* _Available data_
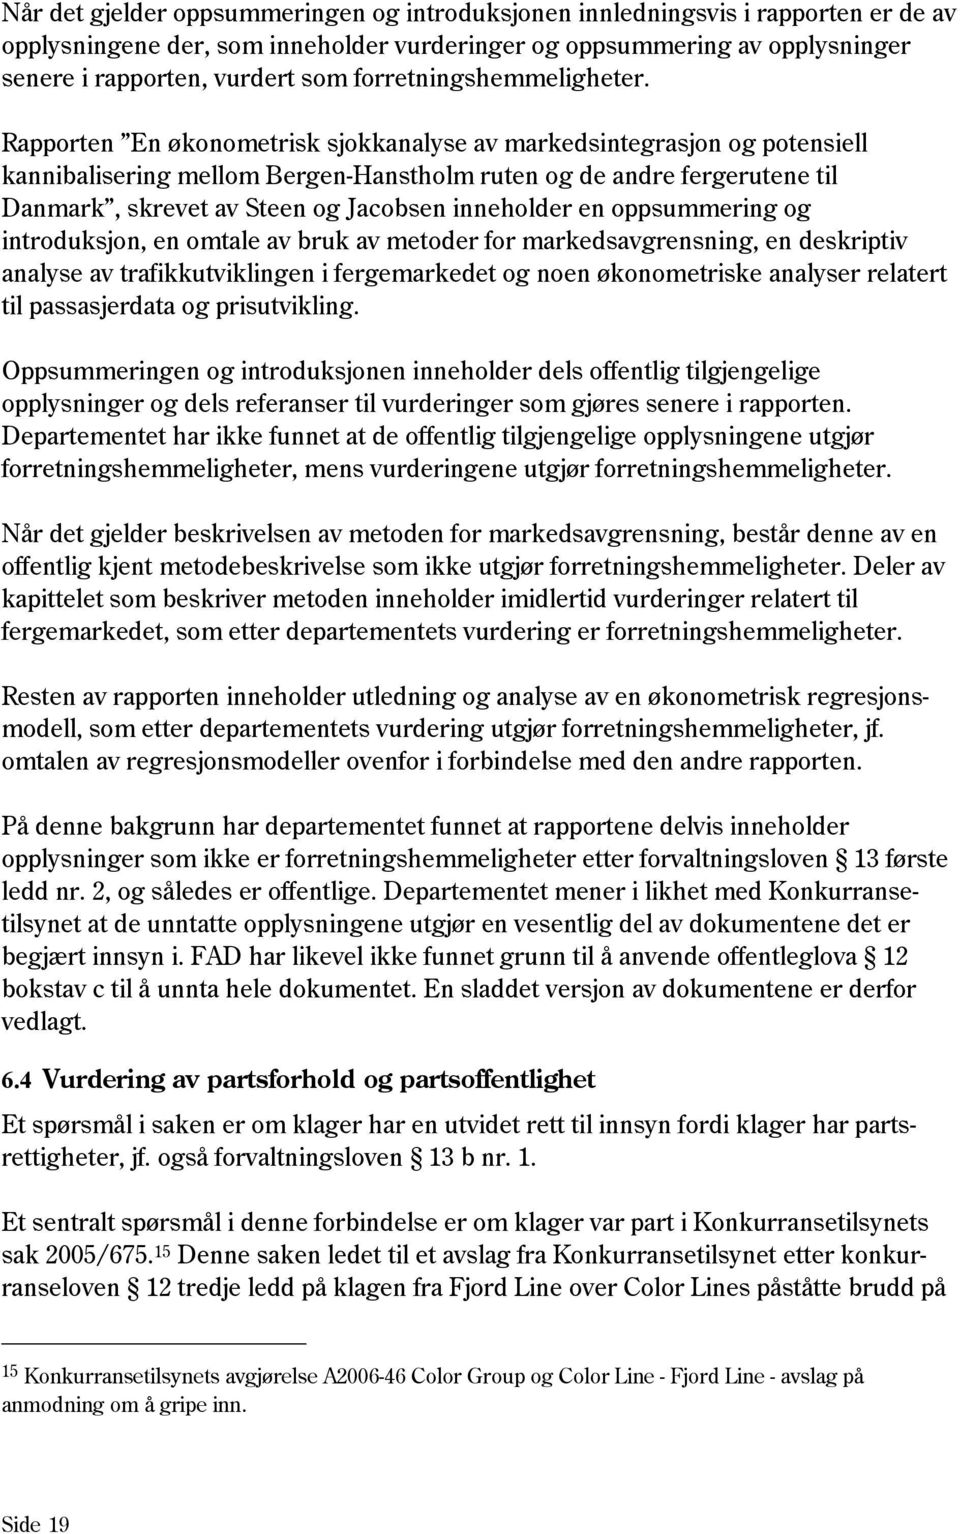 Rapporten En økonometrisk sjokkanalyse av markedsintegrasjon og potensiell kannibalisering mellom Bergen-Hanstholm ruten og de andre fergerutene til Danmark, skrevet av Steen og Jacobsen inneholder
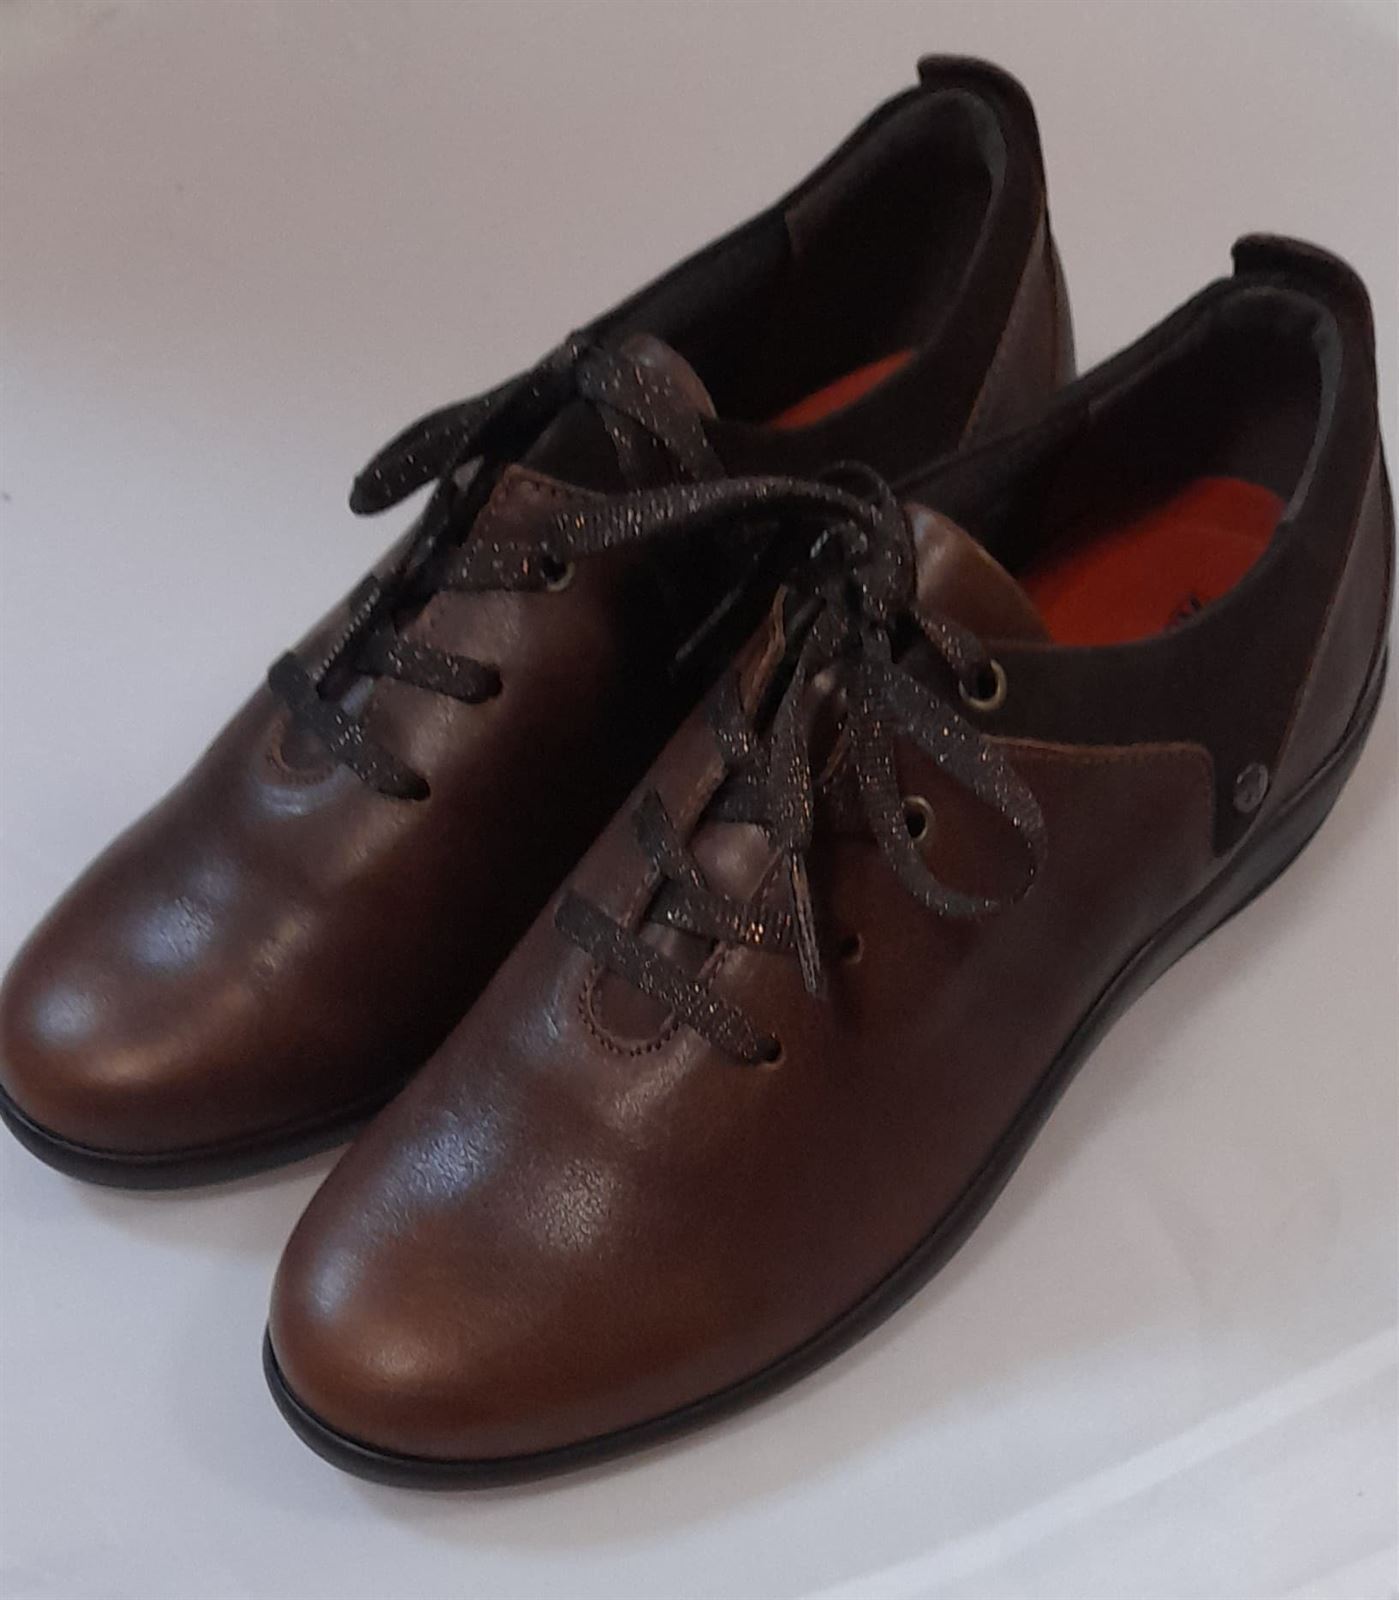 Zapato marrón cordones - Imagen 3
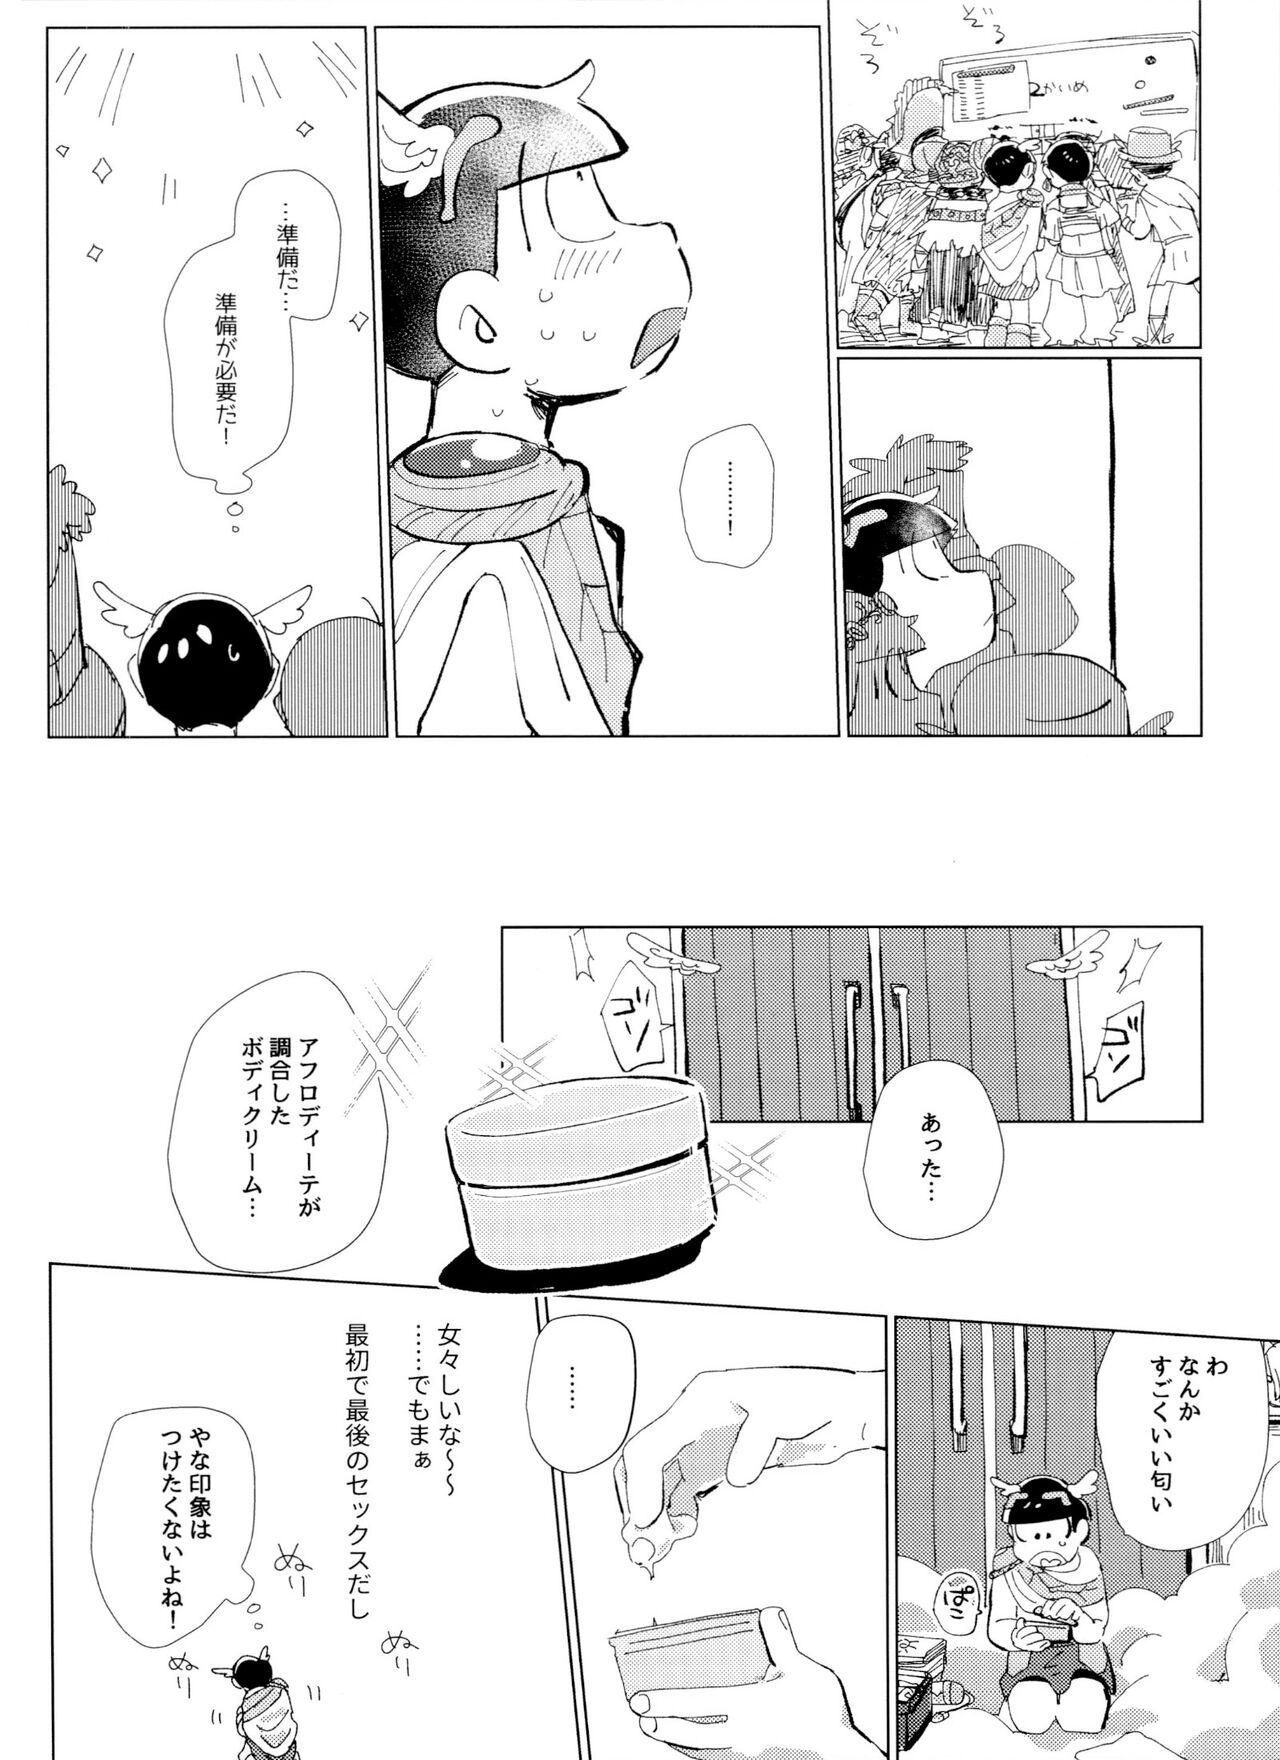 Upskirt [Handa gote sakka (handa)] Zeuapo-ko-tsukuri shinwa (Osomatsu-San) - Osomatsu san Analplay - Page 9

* _Aim of the task_
The answer is the whole listing above, written out verbatim, without its pictures.

* _Response below_
 Rapporten En økonometrisk sjokkanalyse av markedsintegrasjon og potensiell kannibalisering mellom Bergen-Hanstholm ruten og de andre fergerutene til Danmark, skrevet av Steen og Jacobsen inneholder
 Zapato marrón cordones - Imagen 3
 Upskirt [Handa gote sakka (handa)] Zeuapo-ko-tsukuri shinwa (Osomatsu-San) - Osomatsu san Analplay - Page 9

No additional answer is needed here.